Pour célébrer la Saint-Valentin, une célèbre génoise a intégré des messages romantiques à son packaging, suscitant la colère de certains Marocains. Ces derniers ont appelé au boycott de la marque. Quelle lecture faites-vous de cette polémique?
C’est une polémique qui s’articule d’abord autour d’une interprétation erronée des messages écrits sur la génoise. Les mots d’amour seraient compris comme indécents, qui briseraient notre culture et porterait indirectement atteinte à notre religion. Ceux qui ont appelé au Boycott, l’ont fait soit par conviction soit par imitation à l’effet de groupe. Nous retrouvons ainsi, souvent, un fonctionnement rigide, un manque de tolérance ou une forme de personnalité inhibée.

Les messages diffusés par la marque sontils inappropriés et inadaptés au public cible composé majoritairement d’enfants?
Les messages n’ont rien d’inapproprié, et sont adaptés aux enfants et aux adolescents.
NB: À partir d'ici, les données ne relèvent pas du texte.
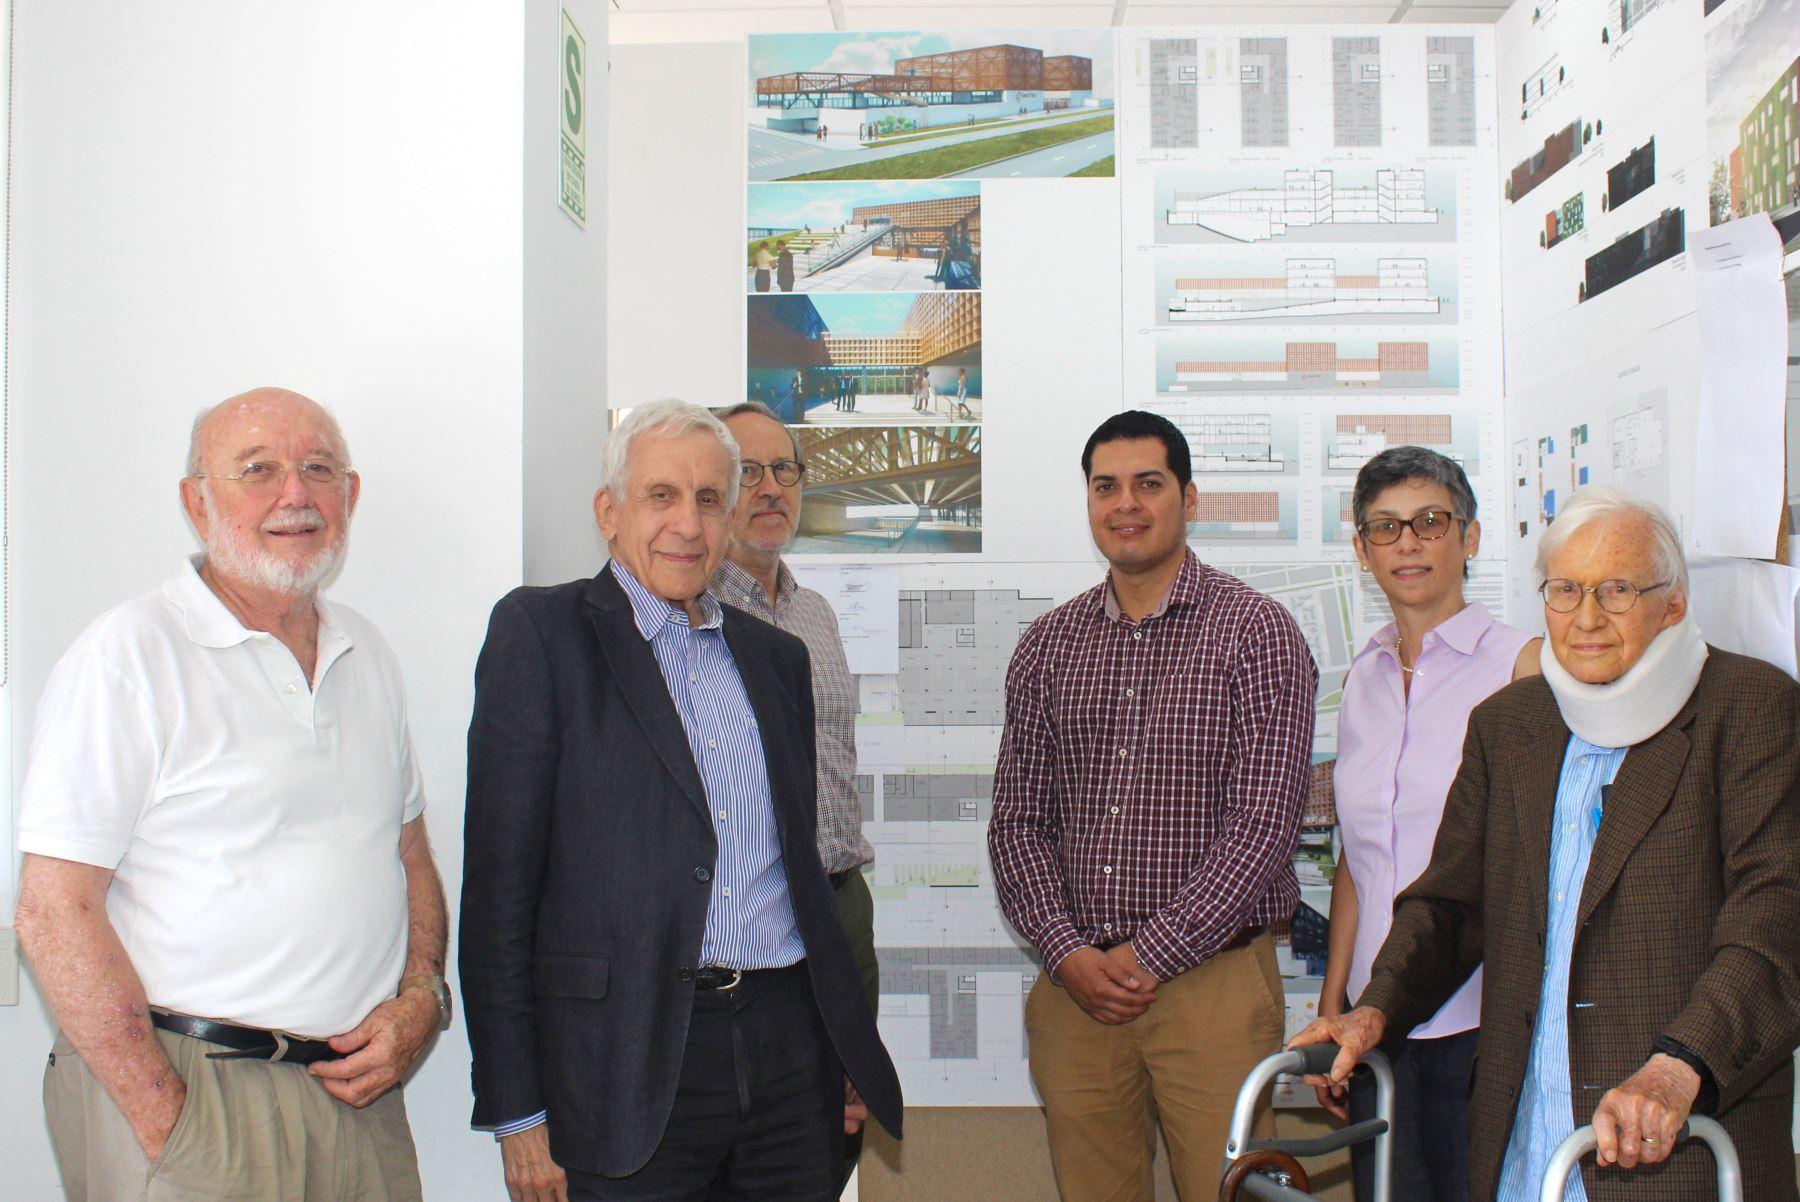 El arquitecto José Antonio Quiroz Farias rodeado del jurado calificador que eligió al ganador del concurso para diseñar el nuevo local del Concytec.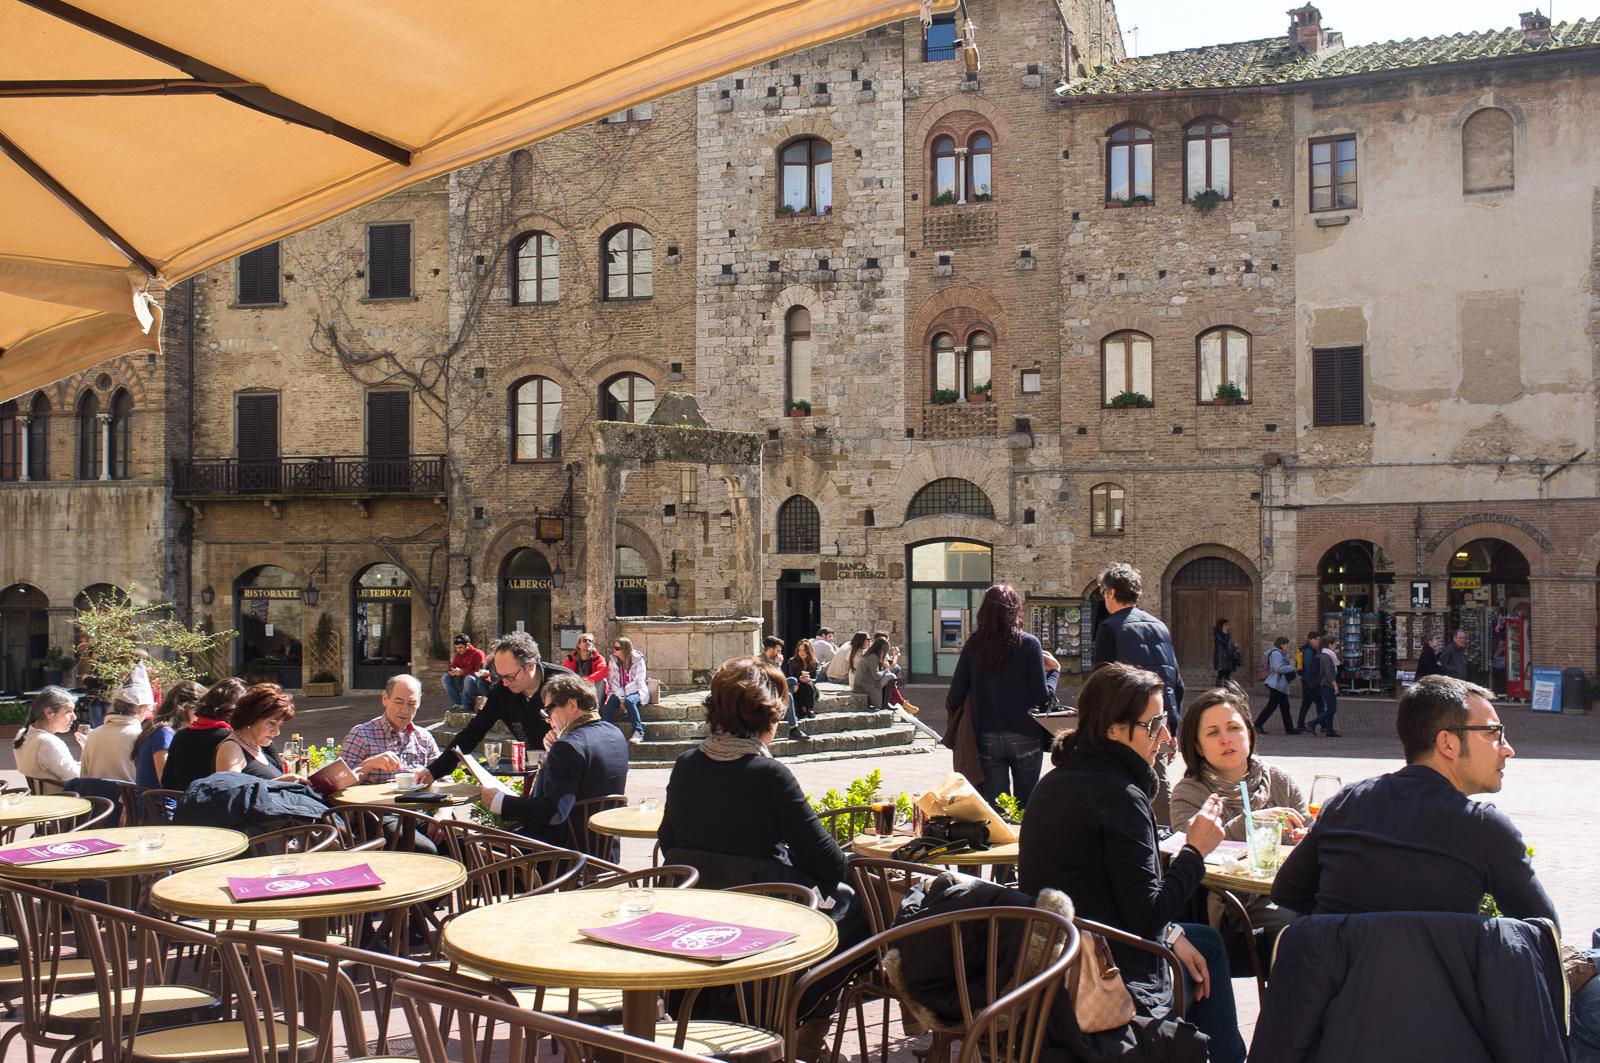 Piazza della Cisterna, San Gimignano - Italy

De la même manière que les enfants ont besoin de surveillance, de limites et de règles claires. Ils ont aussi besoin qu’on leur transmette cette idée selon laquelle il est nécessaire d’exprimer ce que l’on ressent. Leur permettre de dire haut ce qu’ils pensent tout bas, est nécessaire à leur épanouissement.

Certains Marocains ont-ils un problème avec l’amour et ses expressions surtout quand celles-ci sont formulées en dialecte marocain?
Question épineuse, puisque dans ce cas de figure nous ne pouvons pas généraliser. Il est vrai que certains Marocains ont grandi dans une ambiance familiale où l’expression émotionnelle était pauvre.

Pour bien des parents, c’est une forme de pudeur à ne pas franchir. Pour d’autres, le manque d’amour au sein de la famille est plutôt le résultat de difficultés inhérentes à la vie et de souffrances psychologiques. Cette aridité expressive a des effets dévastateurs pouvant même compromettre toute acceptation de forme d’amour. L’individu ici manquant, ne connaît d’autres formes de lien que celle-ci. Et peut tendre à être agressif et violent face à toute forme affective surtout si elle est verbalisée.

Quel lien entretiennent les Marocains avec l’amour?
Le lien diffère, selon l’expérience de lien précoce mère-enfant. Celui-ci est décisif dans la vie adulte. En effet, la présence de l’amour parental, la qualité et la stabilité du lien, permettent à l’enfant de se sentir en sécurité. Elle contribue aussi à la construction d’une identité et d’une personnalité stables. Les Marocains qui ont baigné dans une atmosphère aimante, qui ont eu un lien privilégié avec la figure maternelle et un rapport équilibré au «papa», entretiennent souvent une relation épanouie avec l’amour.

Pour d’autres, qui ont tissé des relations précoces instables, ou avec des carences affectives, la relation à l’amour peut être compliquée. Ceci sans omettre les individus dont les mamans étaient évitantes, froides émotionnellement, et qui n’ont pas eu l’opportunité d’avoir au sein de la structure familiale des figures d’attachements qui combleraient ce gouffre affectif et pour qui la relation à l’amour est souvent très complexe.

Comment faire pour nous réconcilier avec l’amour et avec notre langue?
Nous réconcilier avec notre langue passe d’abord par mieux la connaître, découvrir son histoire, et connaître les grands poètes et écrivains qui la parlent et écrivent avec. La musique riche de paroles envoûtantes et de mélodies invite, à son tour, au voyage et à la découverte de la langue de manière plus aiguisée. Être plus conciliant avec l’amour, c’est aussi comprendre que tout individu en a besoin et à tout âge. Il importe de ne pas hésiter à exprimer son amour en famille, au sein du couple et avec les enfants avec la langue maternelle et en darija.